Tuesday, November 20, 2007

IBM PC Assembly Language Tutorial 3

IBM PC Assembly Language Tutorial 3

Notice that the key thing in all five phases is being selective. It is

easy to conclude that there is too much to learn unless you can throw

away what you don't need. Most of the rest of this talk is going to

deal with this very important question of what you need and don't

need to learn in each phase. In some cases, I will have to leave you

to do almost all of the learning, in others, I will teach a few salient

points, enough, I hope, to get you started. I hope you understand that

all I can do in an hour is get you started on the way.

Phase 1: Learn the architecture and instruction set

The Morse book might seem like a lot of book to buy for just two

really important chapters; other books devote a lot more space to

the instruction set and give you a big beautiful reference page on

each instruction. And, some of the other things in the Morse book,

although interesting, really aren't very vital and are covered too

sketchily to be of any real help. The reason I like the Morse book is

that you can just read it; it has a very conversational style, it is very

lucid, it tells you what you really need to know, and a little bit more

which is by way of background; because nothing really gets

belabored to much, you can gracefully forget the things you don't

use. And, I very much recommend READING Morse rather than

studying it. Get the big picture at this point.
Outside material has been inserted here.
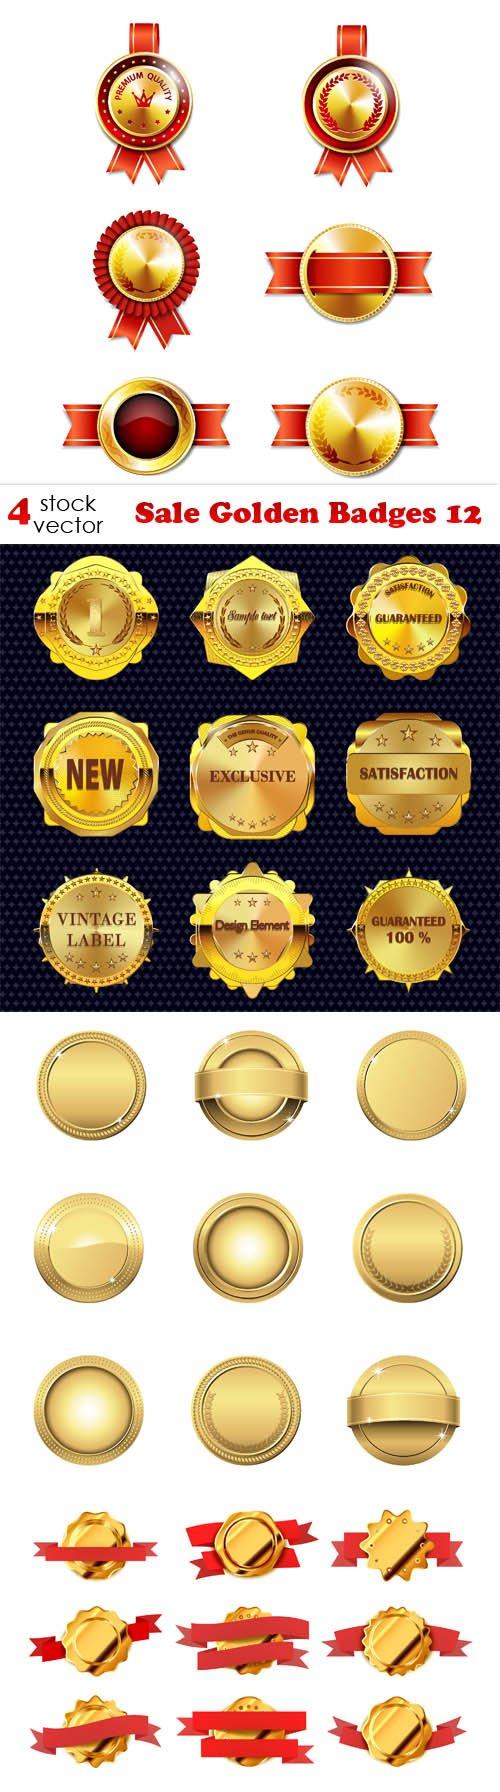 Vectors - Sale Golden Badges 12

Now, you want to concentrate on those things which are worth fixing

in memory. After you read Morse, you should relate what you have

learned to this outline.

1. You want to fix in your mind the idea of the four segment registers

CODE, DATA, STACK, and EXTRA. This part is pretty easy to

grasp. The 8086 and the 8088 use 20 bit addresses for memory,

meaning that they can address up to 1 megabyte of memory. But,

the registers and the address fields in all the instructions are no

more that 16 bits long.

So, how to address all of that memory? Their solution is to put

together two 16 bit quantities like this:

calculation SSSS0 ---- value in the relevant segment register SHL

4 depicted in AAAA ---- apparent address from register or

instruction hexadecimal --------

RRRRR ---- real address placed on address bus

In other words, any time memory is accessed, your program will

supply a sixteen bit address. Another sixteen bit address is

acquired from a segment register, left shifted four bits (one nibble)

and added to it to form the real address. You can control the values

in the segment registers and thus access any part of memory you

want. But the segment registers are specialized: one for code, one

for most data accesses, one for the stack (which we'll mention

again) and one "extra" one for additional data accesses.
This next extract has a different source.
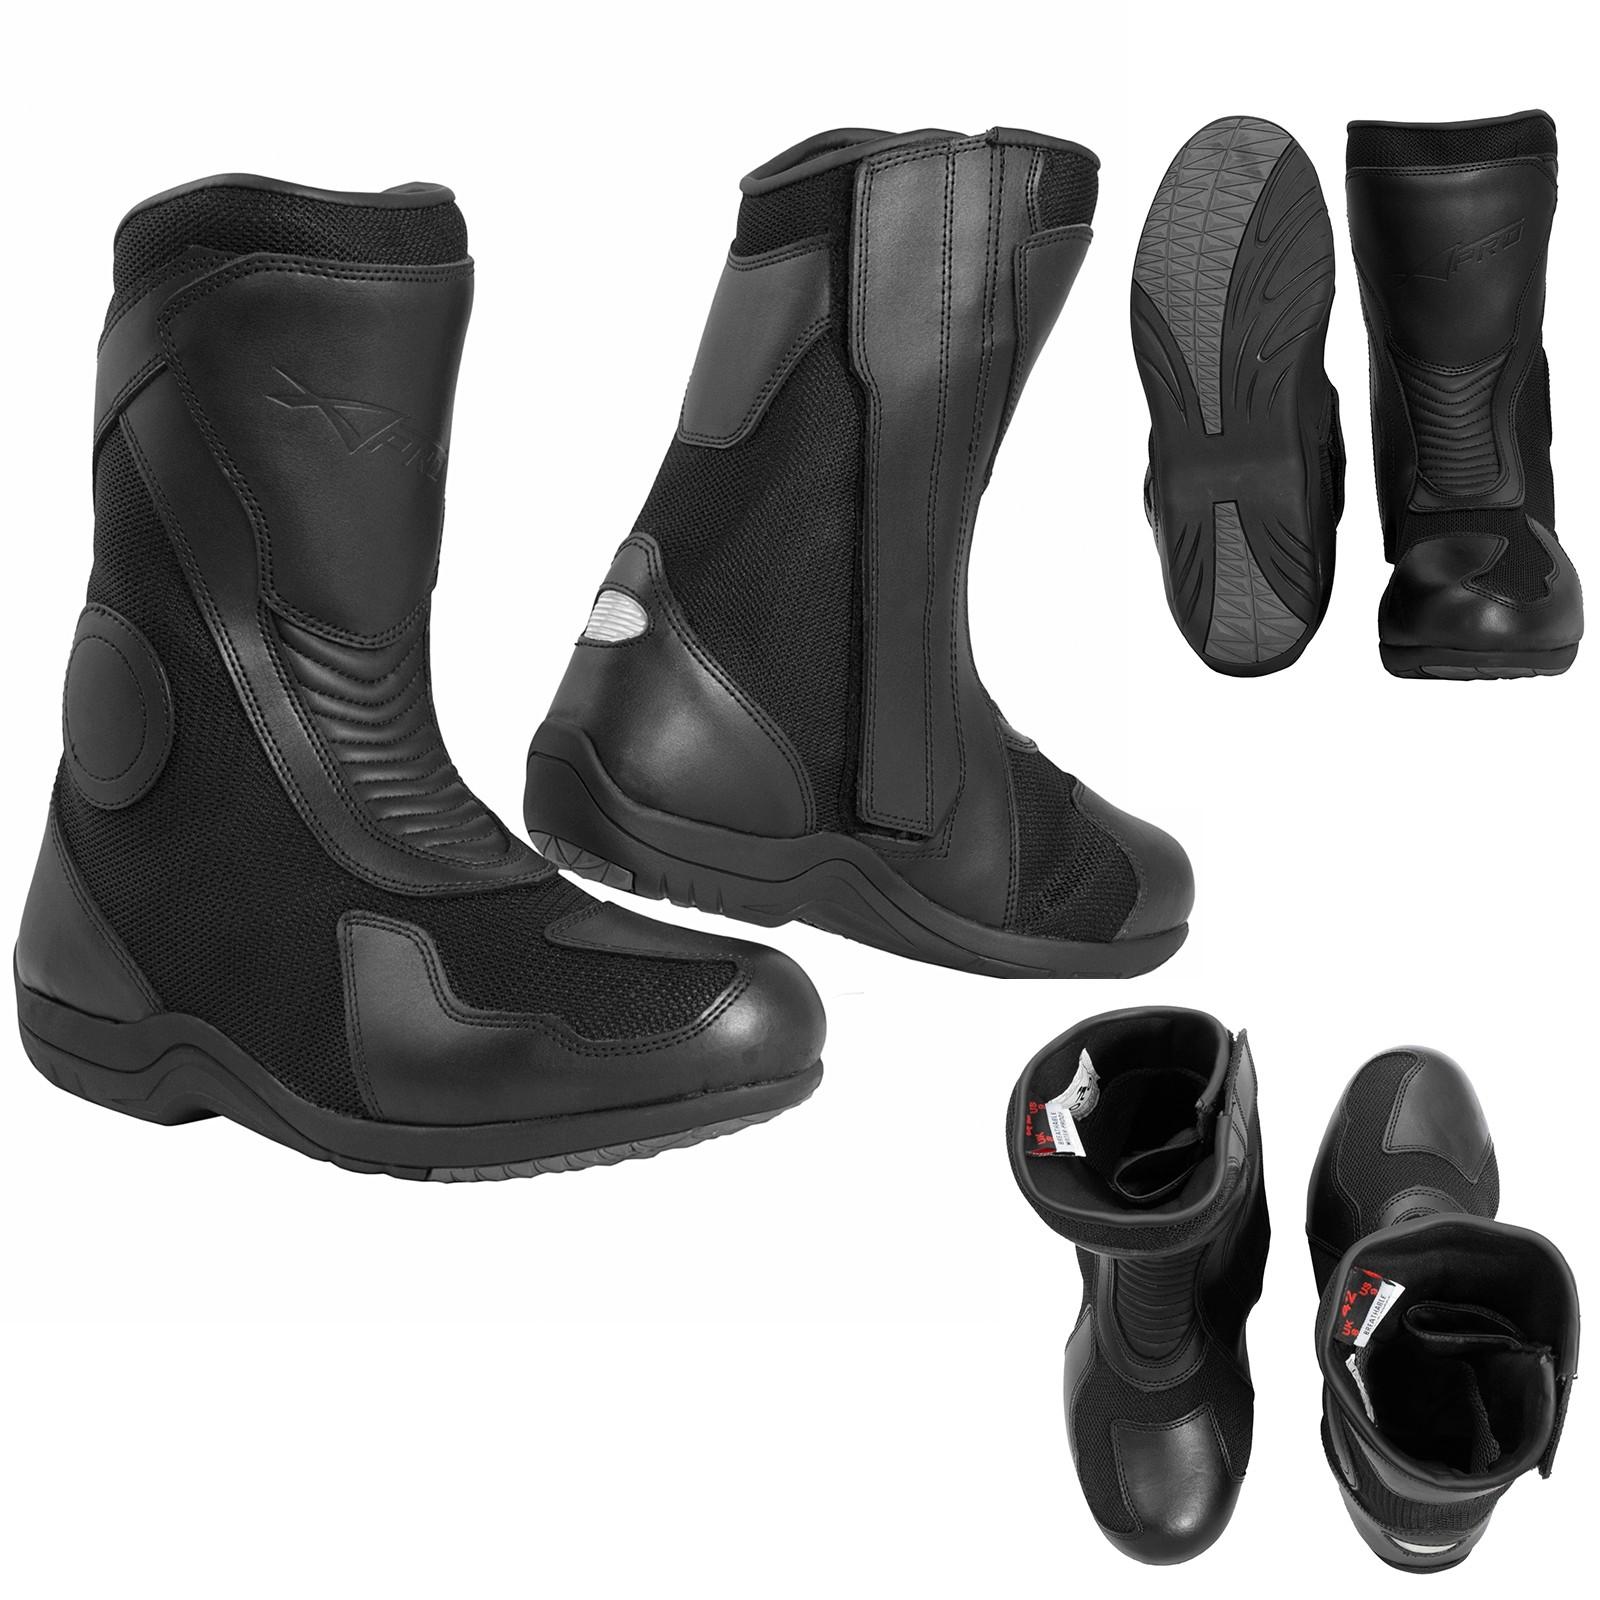 Toledo-Boots-Stivali-Motorcycle-Nero-Black-A-Pro-Sonic-Moto-Set

Most people, when they first learn about this addressing scheme

become obsessed with converting everything to real 20 bit

addresses. After a while, though, you get use to thinking in

segment/offset form. You tend to get your segment registers set up

at the beginning of the program, change them as little as possible,

and think just in terms of symbolic locations in your program, as with

any assembly language.

EXAMPLE:

MOV AX,DATASEG

MOV DS,AX ;Set value of Data segment

ASSUME DS:DATASEG ;Tell assembler DS is usable

.......

MOV AX,PLACE ;Access storage symbolically by 16 bit address

In the above example, the assembler knows that no special issues

are involved because the machine generally uses the DS register to

complete a normal data reference.

If you had used ES instead of DS in the above example, the

assembler would have known what to do, also. In front of the MOV

instruction which accessed the location PLACE, it would have

placed the ES segment prefix. This would tell the machine that ES

should be used, instead of DS, to complete the address.
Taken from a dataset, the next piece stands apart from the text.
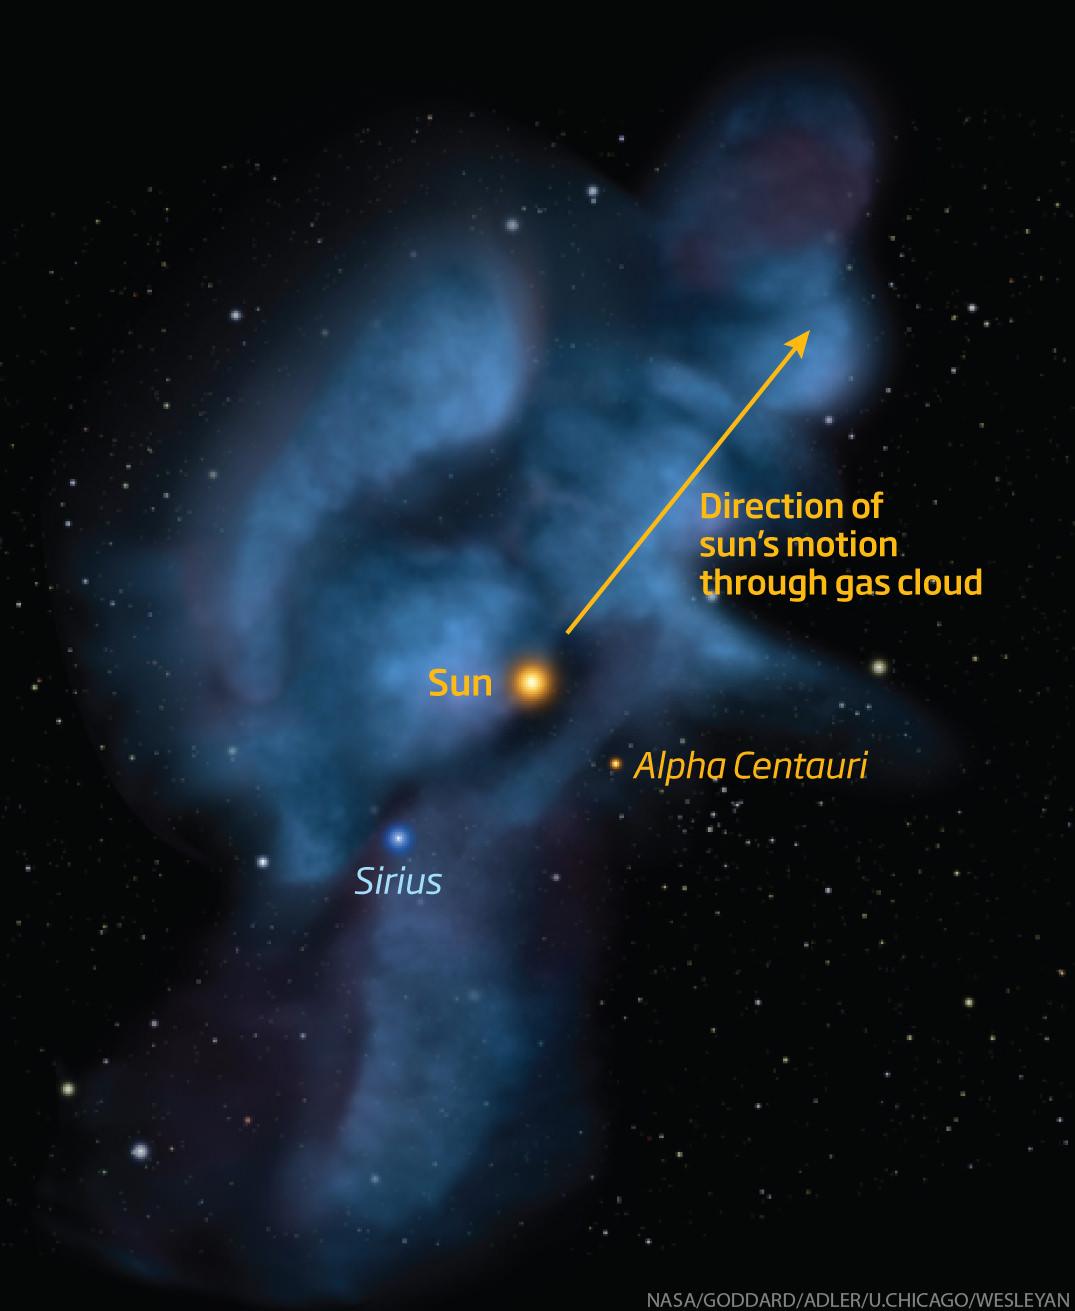 Solar system caught in an interstellar tempest

Some conventions make it especially easy to forget about segment

registers. For example, any program of the COM type gets control

with all four segment registers containing the same value. This

program executes in a simplified 64K address space. You can go

outside this address space if you want but you don't have to.

2. You will want to learn what other registers are available and learn

their personalities:

AX and DX are general purpose registers. They become special

only when accessing machine and system interfaces.

CX is a general purpose register which is slightly specialized for

counting.

BX is a general purpose register which is slightly specialized for

forming base-displacement addresses.

AX-DX can be divided in half, forming AH, AL, BH, BL, CH, CL,

DH, DL.

SI and DI are strictly 16 bit. They can be used to form indexed

addresses (like BX) and they are also used to point to strings.

SP is hardly ever manipulated. It is there to provide a stack.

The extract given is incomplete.